Face à une volonté protectionniste affichée de l’administration Trump, les acteurs du commerce mondiale sont dans une incertitude bien marquée. Un premier signe est la guerre commerciale et technologique avec la Chine qui semble relancée sur le nouveau terrain de l’IA. En effet, l’interdiction temporaire de TikTok a sonné le premier glas avant l’annonce du projet Stargate avec sa promesse d’investissement à 500 milliards de dollars pour dominer les terrains de l’IA et du spatial. L’actualité chinoise a sonné l’heure de la réponse avec le lancement d’une nouvelle génération d’outils IA tels que DeepSeek ou encore Qwen d’Alibaba qui atteint une meilleure performance que GPT 4-0 en utilisant des processeurs Nvidia moins puissants et libres d’accès. Cela montre que la concurrence USA-Chine est bien rude malgré les embargos commerciaux des uns comme les autres (Processeurs puissants Nvidia pour les USA et les terres rares pour la Chine par exemple).

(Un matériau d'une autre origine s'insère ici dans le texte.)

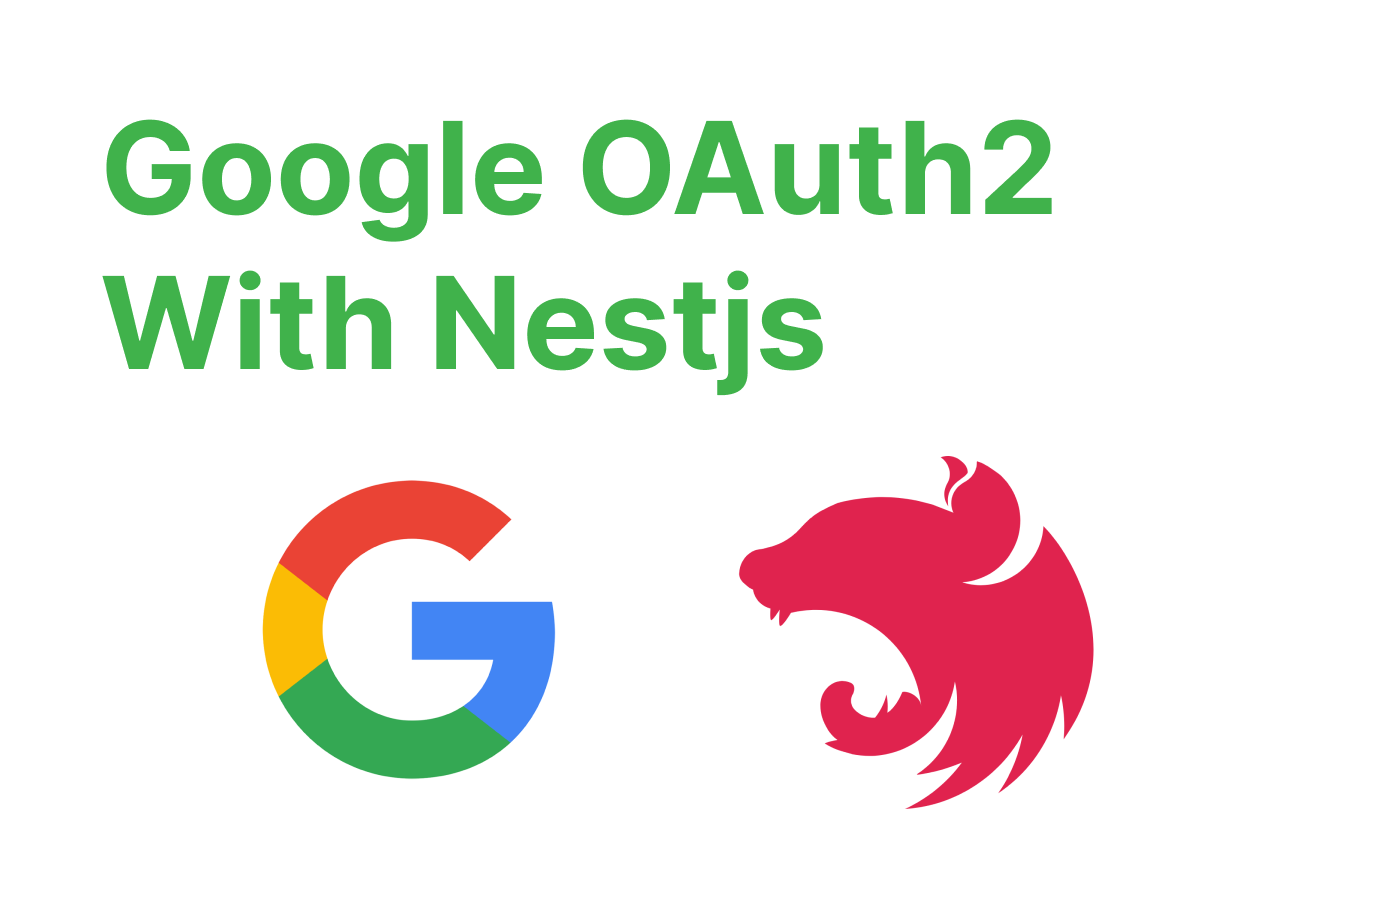 Google and NestJs logos

Dans ce contexte, l’Europe doit faire plus que jamais preuve d’unité et de solidarité en termes d’investissement pour réduire drastiquement sa dépendance énergétique (le cas Allemand avec le pétrole américain), sa dépendance numérique ( réseaux sociaux soient d’origine chinoise -TikTok- ou américaine-Facebook,X-), sa dépendance industrielle (la Chine détient toujours le titre d’usine du monde) et sa dépendance financière avec l’accumulation de dettes financières détenues en grande partie par les USA et la Chine.
Plus spécifiquement, il s’agit pour la France de renouer avec sa longue tradition d’excellence diplomatique en misant sur des marchés à haut potentiel de croissance (les pays du Maghreb, les pays d’Afrique subsahariennes). La récente dégradation des liens avec ses pays a largement profité à la Chine qui est désormais bien implantée sur le continent Africain. Il s’agit aussi pour la France de retrouver une rationalité budgétaire et une stabilité politique suffisante pour mieux tenir son rôle de second moteur dans le couple Franco-Allemand.
En dernier lieu, il semble que l’arrivée de Trump sonne le retour d’un monde aux allures bi polaires avec une Amérique conquérante et bien mobilisée contre le bloc chinois.
Il est peu de conclure que le multilatéralisme est en voie de disparition.